FAZLA KAYNATIP BURAHARLAŞTIRIYORUZ

Özellikle mesleki ve teknik liselerde öğrenim gören kaynaştırma öğrencilerinin sistem içinde nasıl kaybolup gittikleri ile ilgili eleştirel bir yazı

FAZLA KAYNATIP BUHARLAŞTIRIYORUZ SANIRIM...

       Değerli okurlar merhaba.

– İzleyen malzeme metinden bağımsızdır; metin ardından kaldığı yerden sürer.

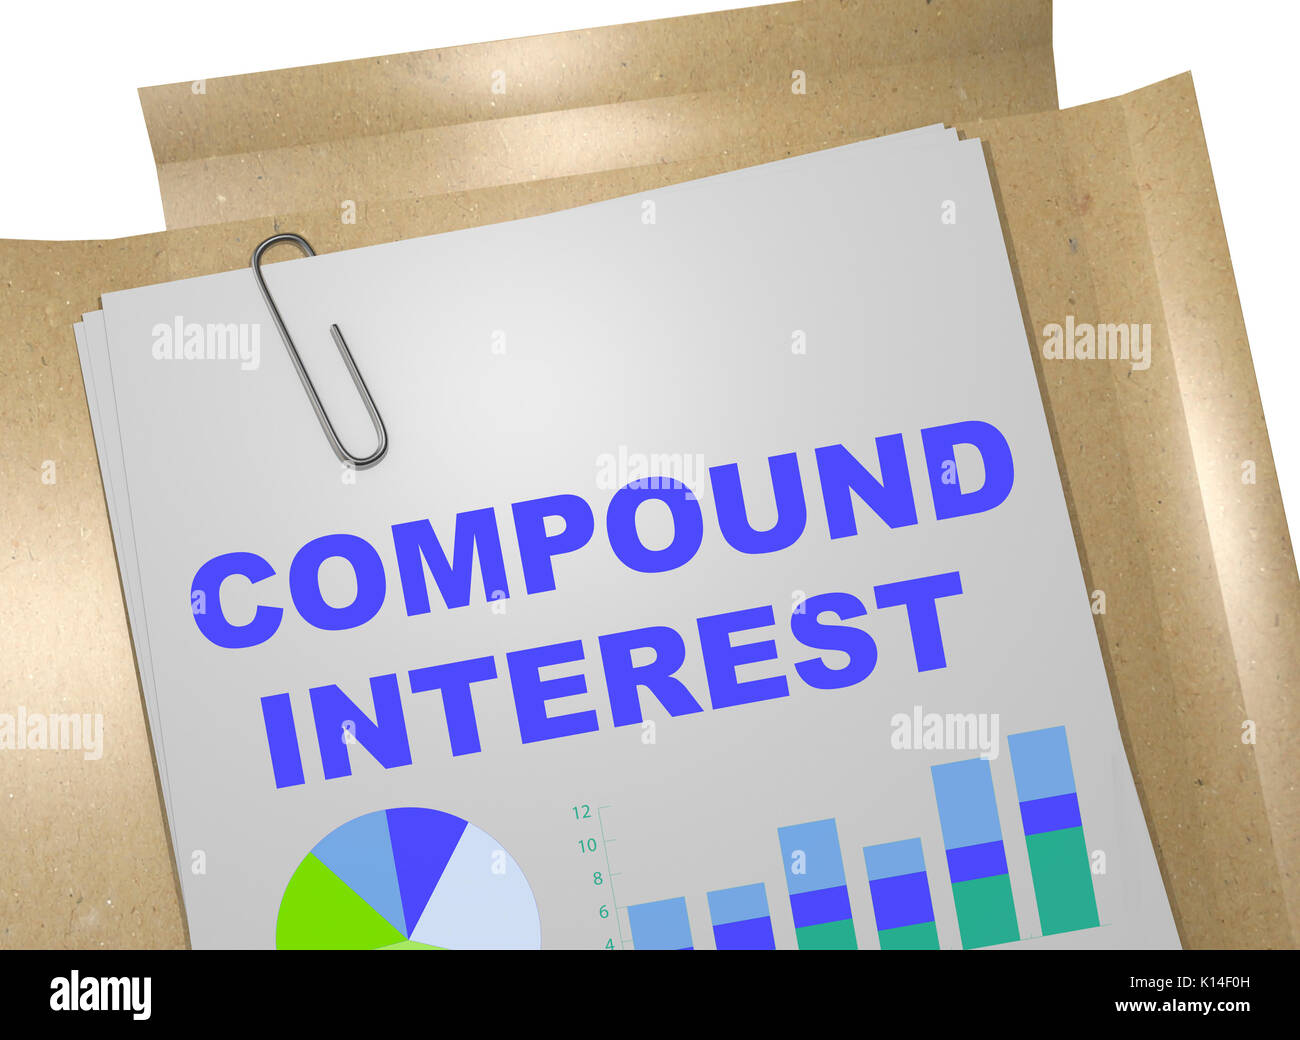 3D illustration of "COMPOUND INTEREST" title on business document Stock Photo

Bu sayımızda yine alanımızın kanayan yaralarından biri olan Meslek Liselerinde Kaynaştırma Öğrencileri ve bu bağlamda ortaöğretim kademelerinde kapıya dayanmış ancak büyük bir kısmını daha kapının eşiğinde kaybettiğimiz öğrencilerimizi konuşacağız.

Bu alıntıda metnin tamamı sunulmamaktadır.